The code that generates the address from ip and port looks like this:

sockaddr_in create_socket_address(u32 ip, u16 port){
    sockaddr_in address_info;
    address_info.sin_family = AF_INET;
    address_info.sin_port = htons(port);
    address_info.sin_addr.s_addr = htonl(ip);
    memset(address_info.sin_zero, 0, 8);
    return address_info;
}

The error seems to be a little flaky. It reproduces 100% of the time until it decides not to anymore. After a restart its usually back.

I am looking for a solution to handle this case correctly. I could of course just re-do the network interface discovery when the error occurs, because I "know" that I don't give any broken IPs to sendto, but that would just be a heuristic. I want to solve the actual problem.

I also don't quite understand when error 10049 is supposed to fire exactly anyway. Is it just if I pass an ipv6 address to a ipv4 socket, or send to 0.0.0.0? There is no flat out "illegal" ipv4 address after all, just ones that don't make sense from context.

If you know what I am missing here, please let me know!

CodePudding user response：

This is a issue people have been facing up for a while , and people suggested to read the documentation provided by Microsoft on the following issue . "Btw , I don't know whether they are the same issues or not but the error thrown back the code are same, that's why I have attached a link for the same!!"

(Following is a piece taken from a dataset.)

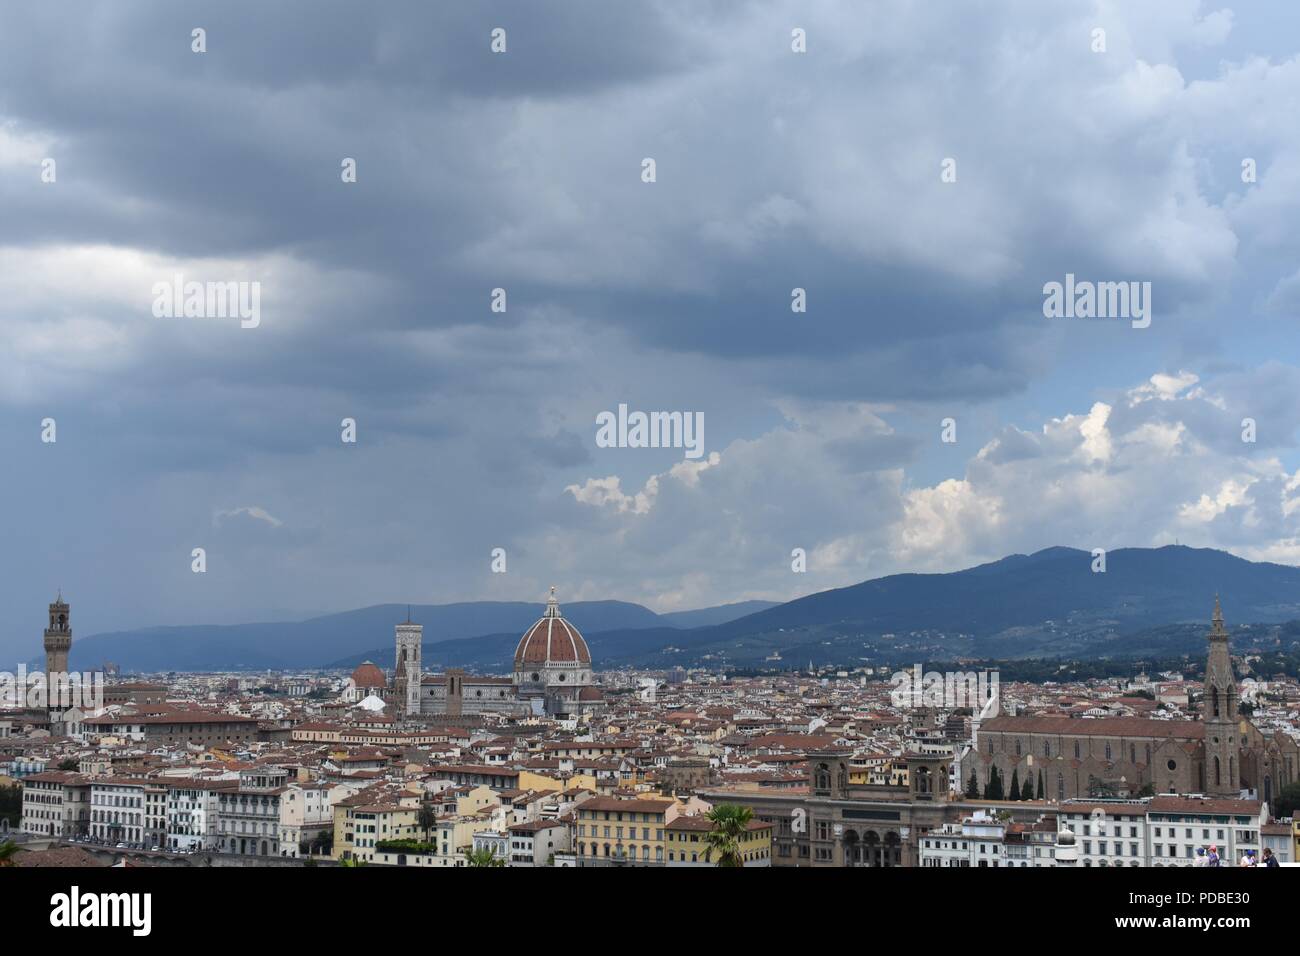 Stimmungsvolle Beleuchtung und Moody bewölkte Himmel über der Skyline von Florenz droht mit dem Dom und dem Turm, mit dem dunstigen toskanischen Hügel. Stockfoto

https://docs.microsoft.com/en-us/answers/questions/537493/binding-winsock-shortly-after-boot-results-in-erro.html

CodePudding user response：

I found a solution (workaround?)

I used NotifyAddrChange to receive changes to the NICs and thought it for some reason didn't trigger when I disabled the NIC. Turns out it does, I'm just stupid and stopped debugging too early: There was a bug in the code that diffs the results from GetAdaptersInfo to the last known state to figure out the differences, so the application missed the NIC disconnecting. Now that it observes the disconnect, it can kill the sockets before they try to send on the disabled NIC, thus preventing the error from happening. This is not really a solution though, since there is a race condition here (NIC gets disabled before send and after check for changes), so I'll still have to handle error 10049.

The bug was this:

My expectation was that, when I disable a NIC, iterating over all existing NICs would show the disabled NIC as disabled. That is not what happens. What happens is that the NIC is just not in the list of existing NICs anymore, even though the windows dialog will still show it (as disabled). That is somewhat suprising to me but not all that unreasonable I guess.

Before I had these checks to detect changes in the NICs:

Did the NIC exist before, was enabled and is now disabled -> disable notification
Did the NIC exist before, was disabled and is now enabled -> enable notification
Did the NIC not exist before, is not enabled -> enable notification

And the fix was adding a fourth one:

Is there an existing NIC that was not in the list of NICs anymore -> disable notification

I'm still not 100% happy that there is the possibility of getting a somewhat ambiguous error on a race condition, but I might call it a day here.